GÜNLÜK RİTÜELLER
Mason Currey
Kolektif Kitap
Mason Currey, 2013
2. Baskı, Şubat 2014 İstanbul
ISBN: 978 - 605 - 5029 - 06 -7
234 Sayfa
Kitap Büyük Eserlerin Yaratıcıları Nasıl Çalışır Sorusu üzerinden Günlük Ritüellerin öneminden bahsediyor.
"Günlük alışkanlıklarımızın yaratıcı süreç üzerindeki etkisini hiç merak ettiniz mi? Bir rutin belirleyip ona sadık mı kalmalı, yoksa hayatı akışına mı bırakmalı...Karar vermeden önce bu kitaba mutlaka göz atmalısınız."
Hayran olduğumuz büyük fikir ve eserlerin yaratıcıları gündelik hayatlarında ne yapıyorlardı? Sıradan insanlar olmaktan çıkıp tarihin sayfalarında kendilerine yer edinmelerini sağlayan o büyük eserler hangi gündelik rutinlerin sonucunda doğmuştu?
Yine nBeyin portalında konuyla ilgili yazdığım yazıyı paylaşmak isterim. Çok hoşuma gitmişti:)

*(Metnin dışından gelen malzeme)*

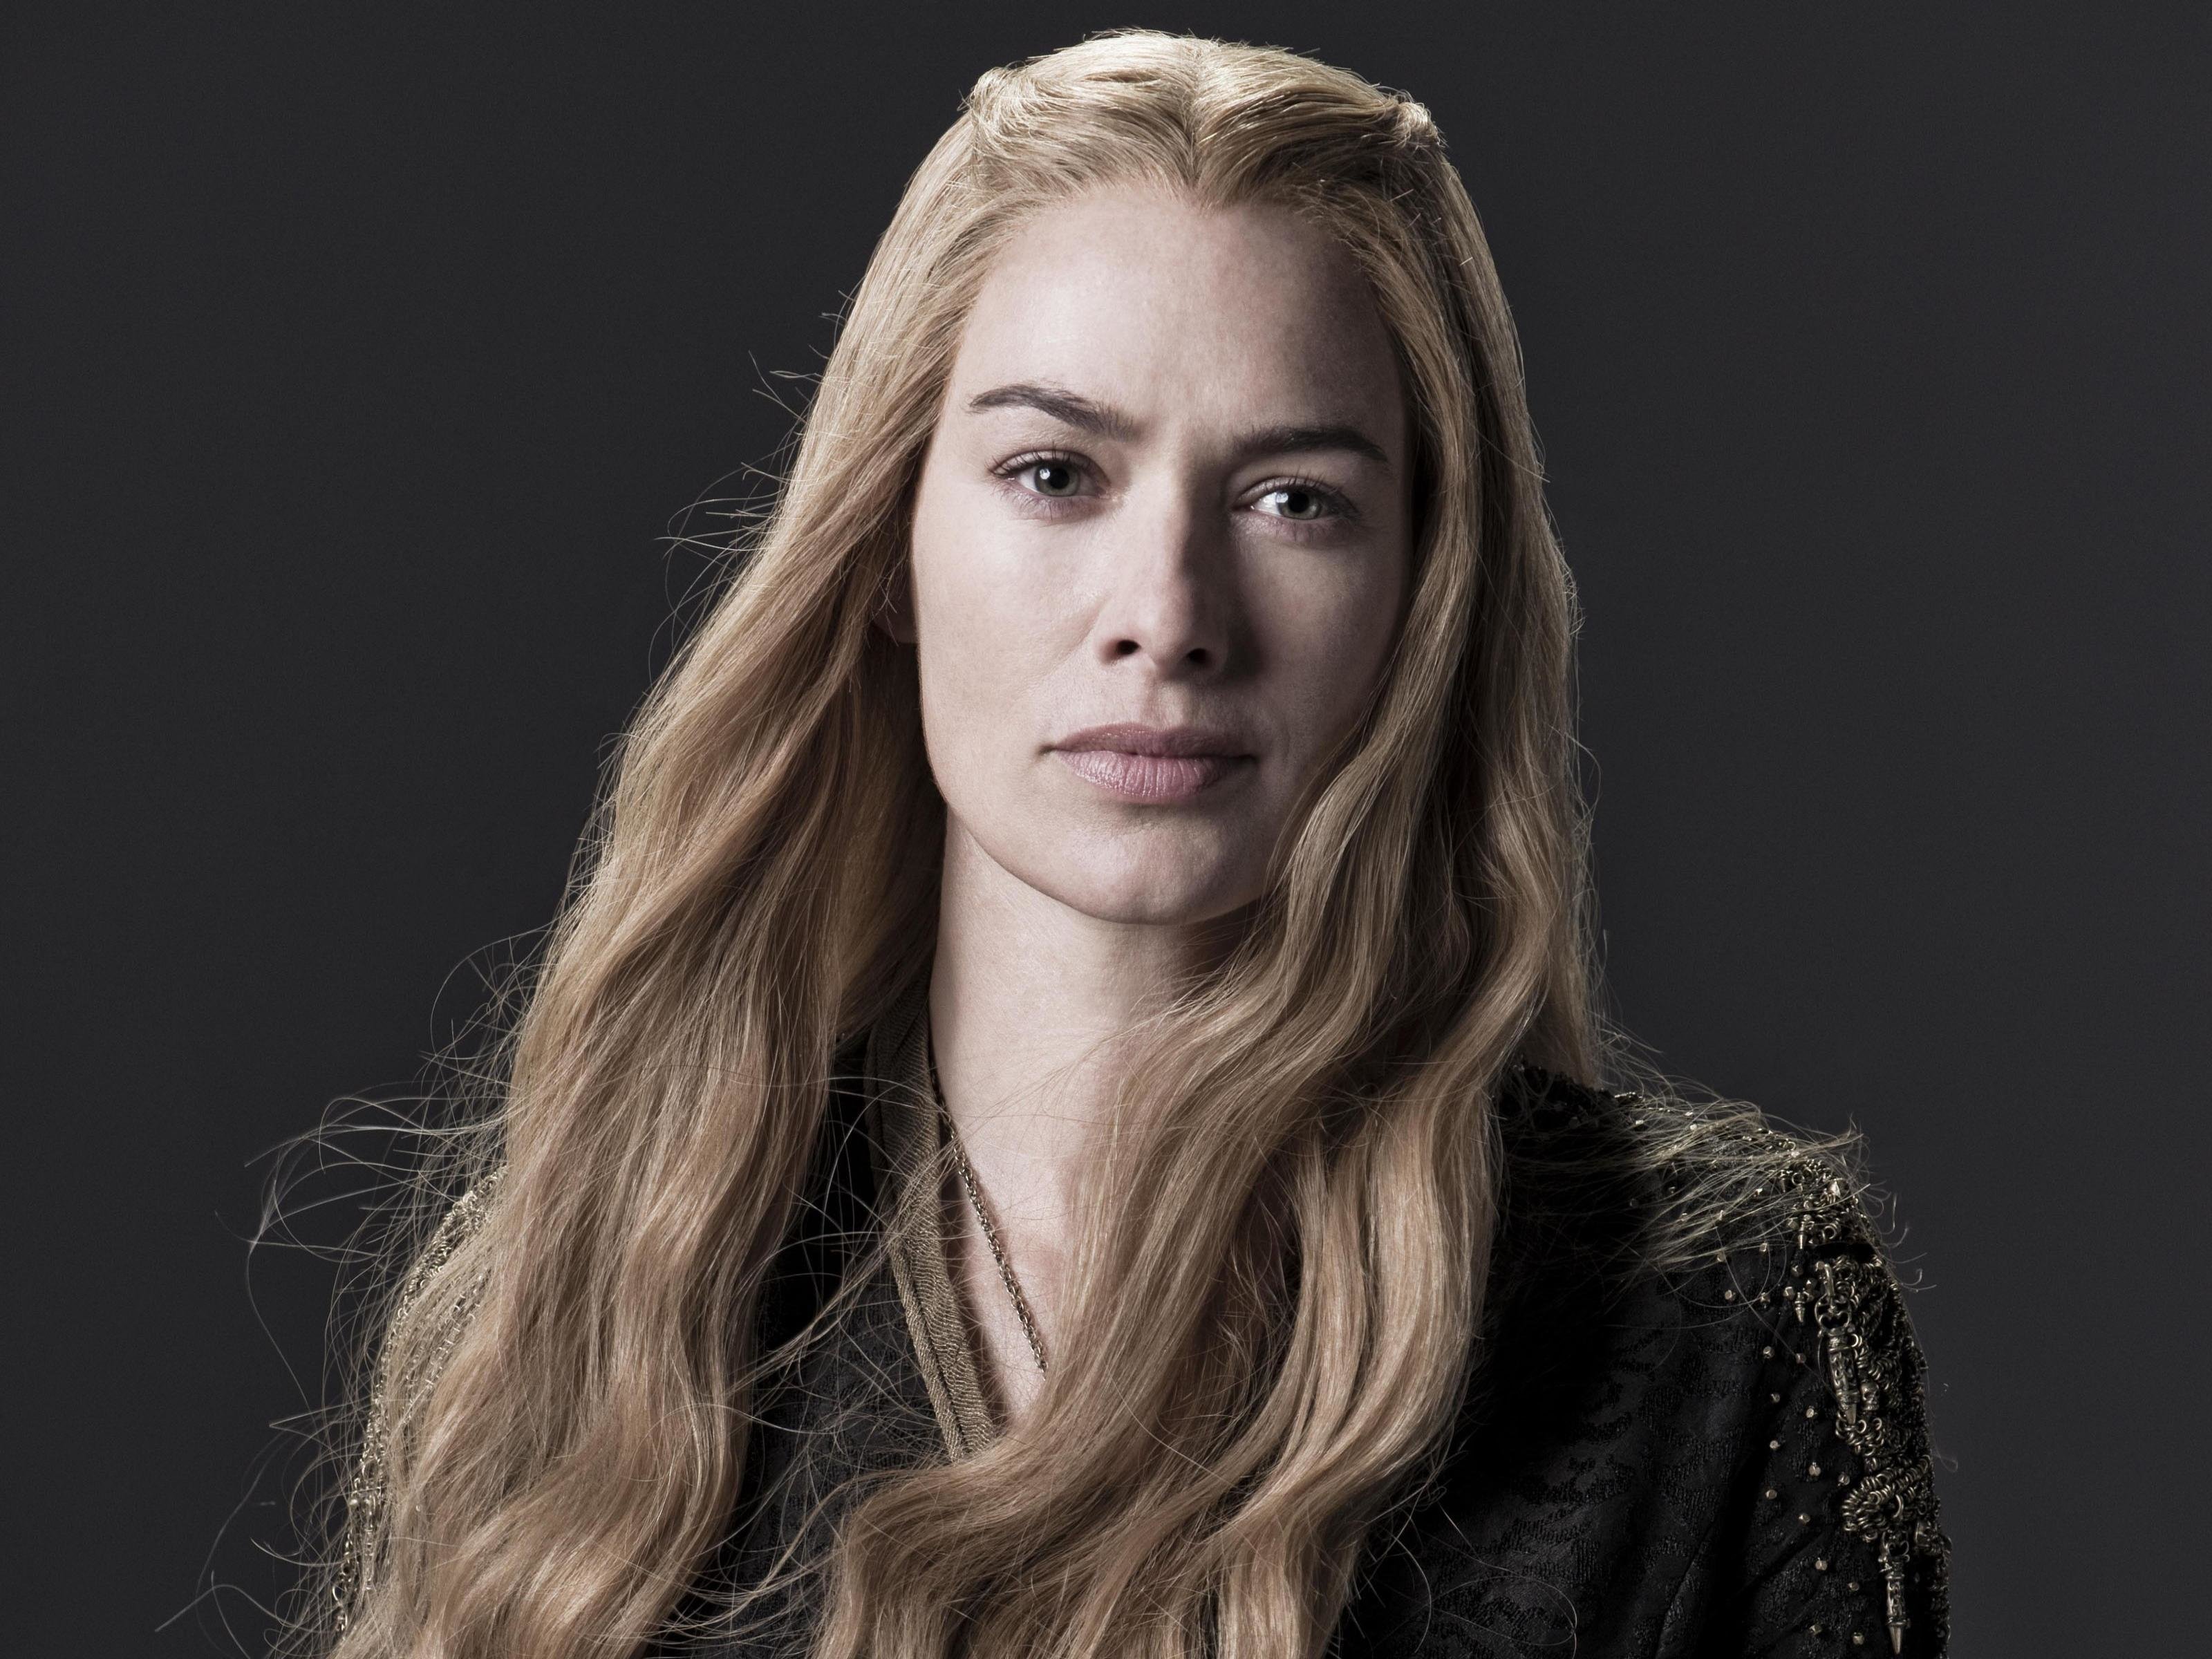 Cersei Lannister Wallpapers Hd For Desktop Backgrounds Images, Photos, Reviews

"1984 ve Hayvan Çiftliği gibi klasiklerin yazarı George Orwell’in hikâyesini hiç merak ettiniz mi? Büyük yazarlar, düşünürler ya da bilim insanlarının da aslında sizin ve benim gibi mütevazı bir yaşamları olduğunu duymak ilginç olabilir. Mason Currey’in Günlük Ritüeller kitabında büyük eserlerin yaratıcılarının nasıl çalıştığına dair ilginç bir çalışma yapılmış. Sizin için George Orwell’i alıntıladım.
“Orwell 1934’te, yüksek emelleri olan genç yazarlara özgü bir sıkıntıyla karşılaştı. Genel olarak olumlu tepkiler alan ilk kitabı Paris ve Londra’da Beş Parasız‘ı bir sene önce yayımlamış olmasına rağmen sadece yazarak geçimini sağlayamıyordu. Sürdürdüğü öğretmenlik işleri ona yazmak için hiç zaman bırakmıyor, edebiyat çevrelerinden uzaklaşmasına yol açıyordu. Şansına, Neille Teyze’si ona çekici bir seçenek sundu: Londra'daki bir sahafta yarı zamanlı yardımcılık yapabilirdi.
Booklovers Corner’daki bu iş George Orwell’a çok uygundu. Yedide uyanan Orwell, dokuza çeyrek kala dükkânı açmaya gidip bir saat orada duruyordu. Ardından ikiye kadar boş zamanı kalıyor, o saatte tekrar dükkâna dönüp altı buçuğa kadar çalışıyordu. Böylece zihninin en açık olduğu sabahları ve öğleden sonraları yazmaya beş buçuk saat ayırabiliyordu. Yazmayı bitirdikten sonra dükkana dönerek burada vaktini mutlu bir rehavet içinde geçiriyor ve akşamki boş vaktini dört gözle bekliyordu. Gecelerini ise mahallede aylak aylak gezinerek ya da daha sonraları, yeni satın aldığı bir aletin başında geçiriyordu: Yiyecekleri ızgarada haşlayarak ya da kızartarak pişiren küçük bir gaz ocağıydı bu.”